Already, millions of struggling patients around the world have enjoyed the benefits of TMS, with significant improvements reported over time. In fact, notable percentages of patients undergo complete remission of their depression symptoms and a much higher percentage report significant improvements. With Transcranial Magnetic Stimulation, patients who don’t respond well to medication and therapy can benefit immeasurably from the stimulation of specific regions of the brain, which are likely to cause symptoms of depression. TMS was initially developed in 1985, courtesy of award-winning physicist Anthony Barker.

Is TMS Safe and Pain-Free?

Dr Robert A. Lavine PhD penned an article in 2016 for Psychology Today titled, ‘TMS for Depression Adds to Treatment Options.’ The body of work is one of many touting the benefits of TMS as a viable alternative to medication and psychotherapy. Cognitive behavioral therapy and SSRIs (Zoloft, Paxil, Prozac) are often the first line of defense in the treatment of major depressive disorder and anxiety disorders. 

Many people respond to these treatment regimens, but not all of them. When standard treatment options fail patients, nonconventional methods such as TMS are brought into the equation. The mechanics of TMS systems are highly sophisticated, suffice it to say that a coil and a magnetic field are used to target specific areas of the brain by way of magnetic pulses. These pulses focus on ‘depression centers’ in the brain to relieve the patient’s symptoms. 

When the FDA approved TMS, it quickly gained growing acceptance among psychiatrists as a viable alternative to medication and therapy. It is largely restricted to patients with non-responsive Major Depressive Disorder (MDD), notably patients who do not respond well to other treatment regimens. TMS is worlds apart from ECT. Electroconvulsivare stimulapy, and other invasive procedures, can be used for treating depression. 
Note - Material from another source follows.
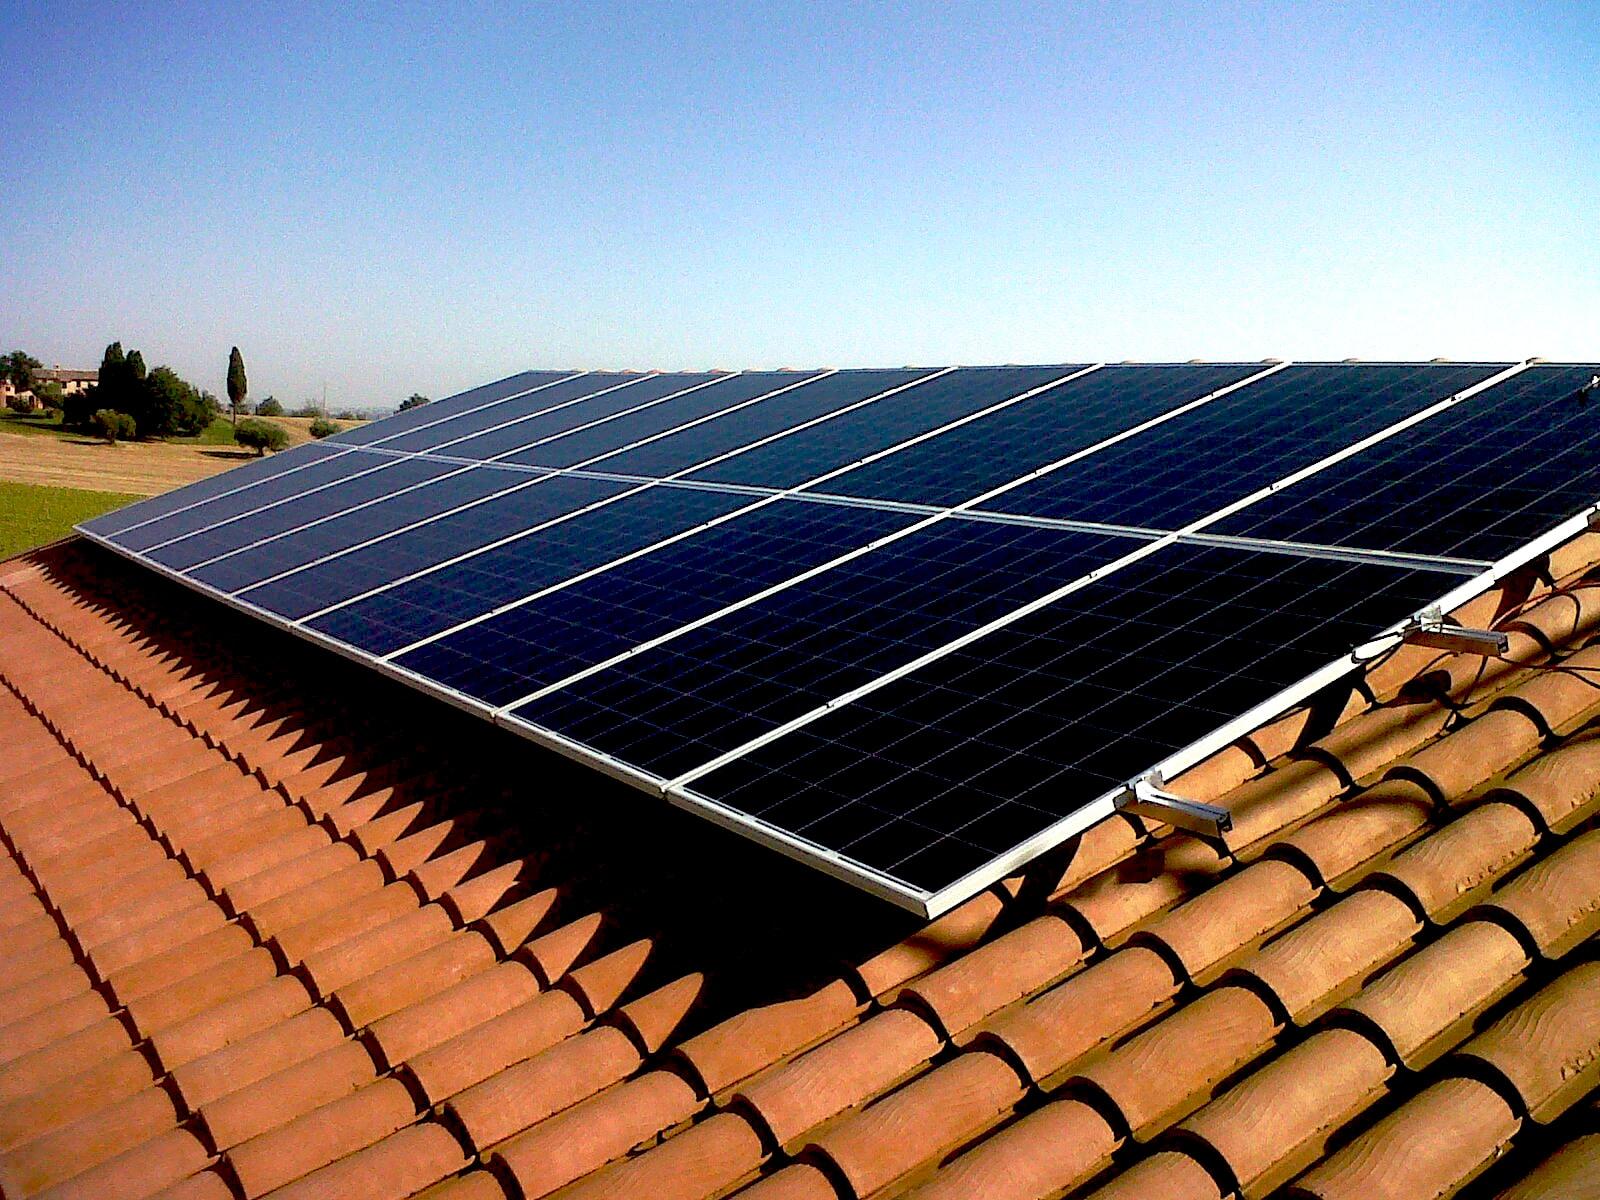 Daniele-Iudicone-Fotovoltaico-Semplice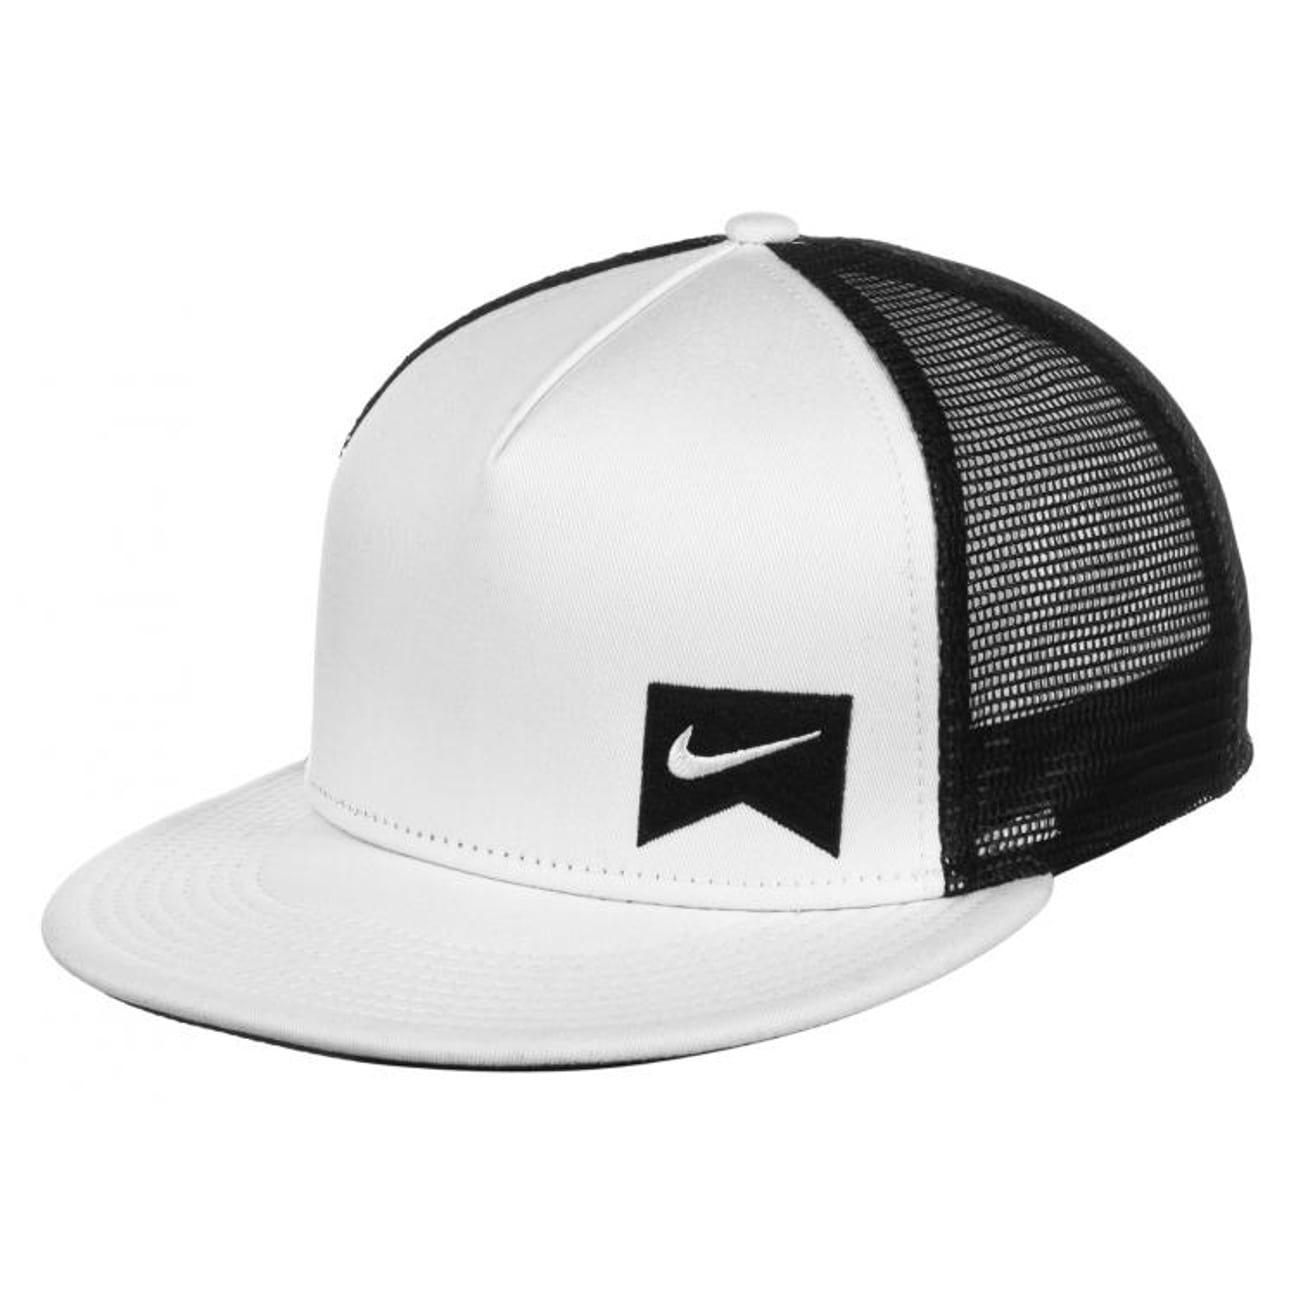 b2e2ec163cf ... black 1 · Icon Trucker Snapback Cap by NIKE - white 1 ...

ECT involves sending live electrical currents by way of electrodes into the brain. Other similar options such as transcranial direct current stimulation (TDCS) make use of small electrical charges which can be used at home. From a pain perspective, TMS is completely pain-free. There may be a degree of lightheadedness, tingling, or mild discomfort, but these pale in comparison to invasive techniques which may be used to treat specific conditions.

TMS is highly effective at treating MDD as well as OCD. Unlike other invasive treatments, there is no surgical element involved. Patients simply sit on a chair, wide awake, while magnetic pulses are used to target depressed areas of the brain. The magnetic coil targets a part of the brain that is near the surface of the skull. 

These pulses of energy impact the electrical rhythm and circuitry of the cells, resulting in subtle, albeit effective changes in neuron functionality. This improves mood and disposition, and ultimately relieves depression after multiple treatments have been undertaken. TMS treatment sessions continue for 30 to 45 minutes, 5 days a week. The entire treatment course can last 4-6 weeks. There is no sedation, no anesthesia, and no surgical procedure whatsoever. It is safe and relatively pain-free.